2. Materials and Methods

2.1. Study Area

The study area is located near the Bayanbulak Grassland Ecosystem Research Station of the Chinese Academy of Sciences (42°88′ N, 83°70′ E) in Hejing County, Bayin’guoleng Mongol Autonomous Prefecture, Xinjiang, China (Figure 1). This region has a typical alpine climate and an altitude of about 2470 m [31]. The average annual temperature is −4.6 °C, with an extreme maximum of 25.4 °C and an extreme minimum of −40.5 °C. The annual rainfall ranges from 216.8 to 316.8 mm, with an average annual rainfall of about 270 mm, of which 60% to 80% is concentrated in the growing season. The soil type of the study area is chestnut-calcium soil, which is flat and has a homogeneous distribution of grass species. The experimental treatments were preceded by five years of enclosure, and the vegetation type was alpine grassland dominated by perennial herbaceous plants, with the main species being Festuca ovina L. (Poaceae), Agropyron cristatum (Linn.) Gaertn. (Poaceae), Potentilla fragarioides L. (Rosaceae), Potentilla bifurca Linn. (Rosaceae), and Astragalus adsurgens (Fisch.) Bunge. (Fabaceae).

2.2. Experimental Design

The experiment was designed as a randomized block group experiment, and NH4NO3 (35%N) was selected as the sole nitrogen additive for the in situ simulated nitrogen addition experiments. A total of five nitrogen addition levels were set up in the experiments: Control (CK) (0 g·m2), Low N (LN) (5 g·m2), Medium N (MN) (10 g·m2), High N (HN) (15 g·m2), and Severe N (SN) (20 g·m2), and two nitrogen addition frequencies: high-frequency nitrogen addition (3 lots of nitrogen addition) and low-frequency nitrogen addition (1 lot of nitrogen addition). Each treatment was set up with 4 replications. The experimental plots consisted of 40 3 m × 3 m plots with a 0.5 m buffer strip between plots (Figure 2). The low-frequency nitrogen addition was carried out at the end of April 2021, and the high-frequency nitrogen addition was divided into three groups at the end of April, May, and June 2021, respectively.
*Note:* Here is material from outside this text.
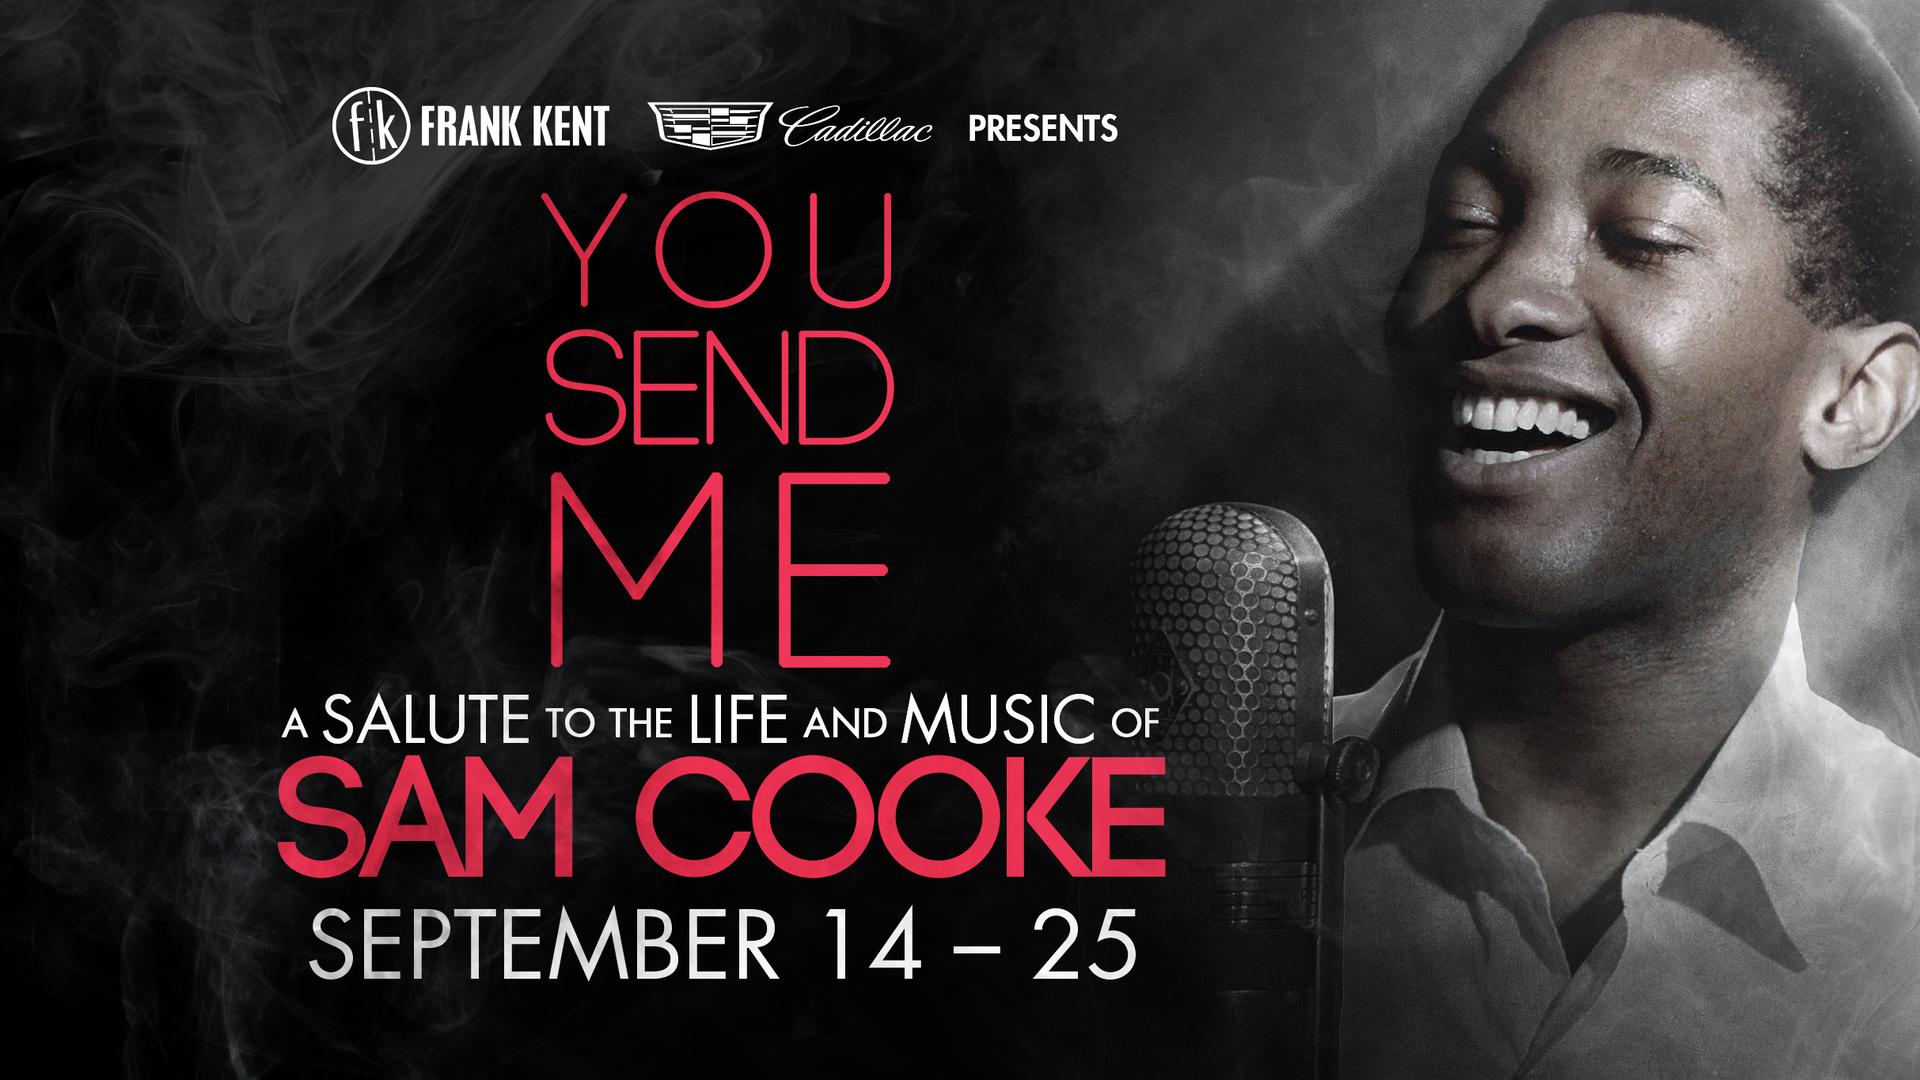 You Send Me: A Salute to the Life and Music of Sam Cooke, at Casa Mañana
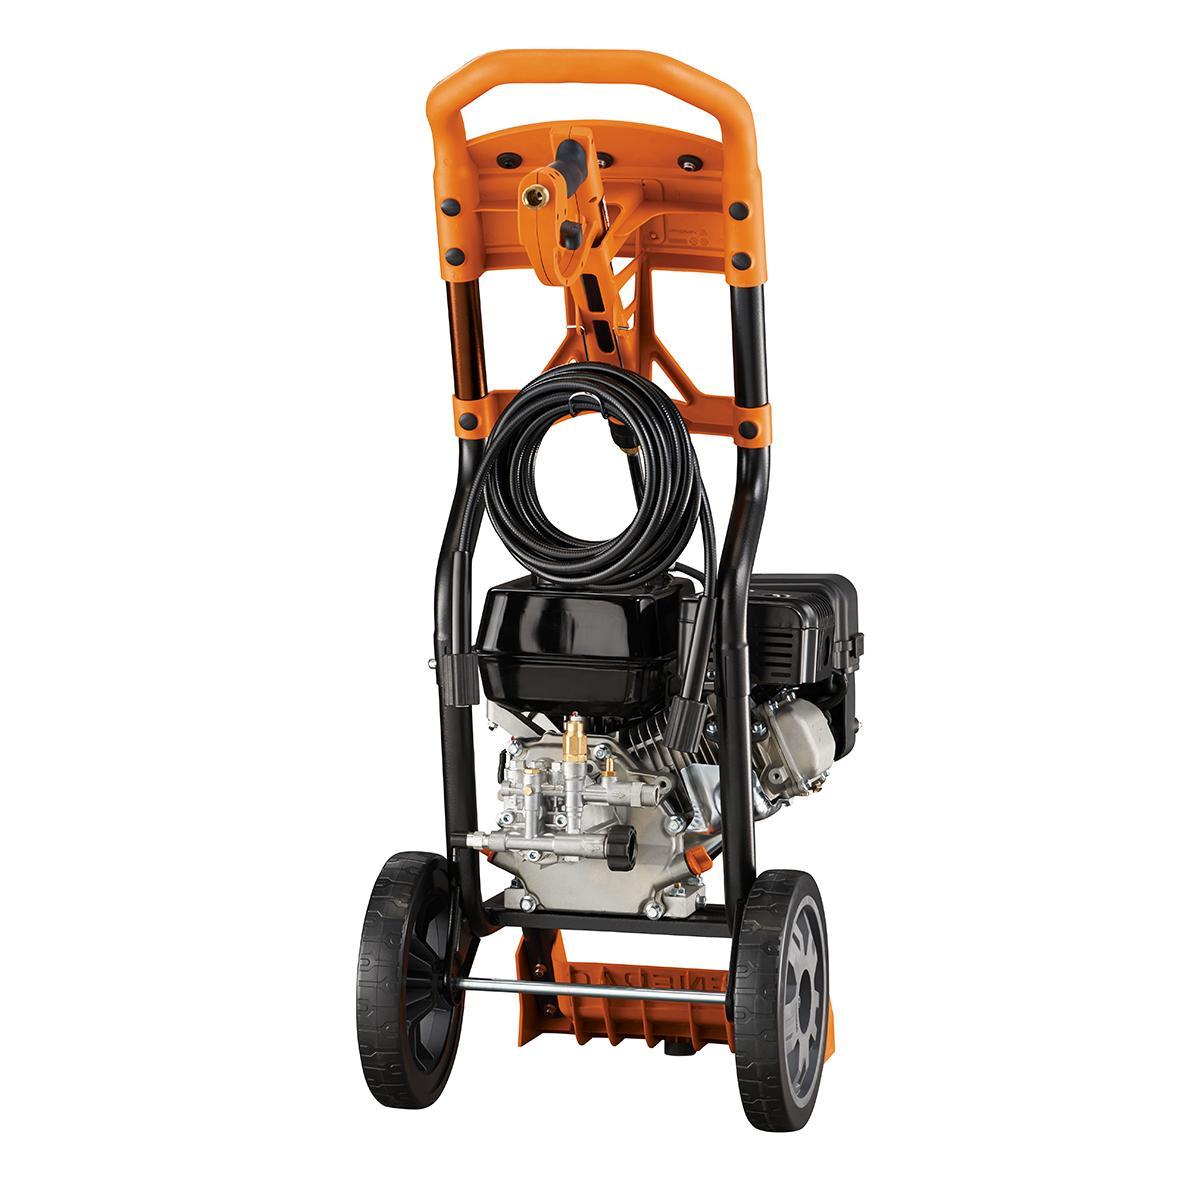 Amazon Com Generac 6595 2 500 Psi 2 3 Gpm 196cc Ohv Gas

2.3. Sample Collection and Sample Determination Methods

2.3.1. Sample Collection

Plant sample collection: At the end of August 2021, 40 0.5 m × 0.5 m sample squares were randomly set up within 40 sample squares, and all plants within the small sample squares were harvested flush and classified into archival bags according to species to be returned to the laboratory, placed in the oven to be killed first (105 °C, 30 min), and dried to a constant weight (65 °C, 48 h) to perform the weighing process (0.01 g).
Soil sample collection: After harvesting the sample plots, the surface withered material was removed in 40 small sample plots, and soil samples were collected by the soil auger method (d = 5 cm). In total, 3 soil augers were collected in each sample plot (classification according to 0–10 cm and 10–20 cm deep: 0–10 cm soil represents shallow soil and 10–20 cm soil represents deep soil) and mixed into 2 soil samples, totaling 80 soil samples. Each soil sample was divided into two parts, one part for soil water content determination and one part for soil physicochemical property determination, including pH, EC, soil TOC, soil TN, and soil TP.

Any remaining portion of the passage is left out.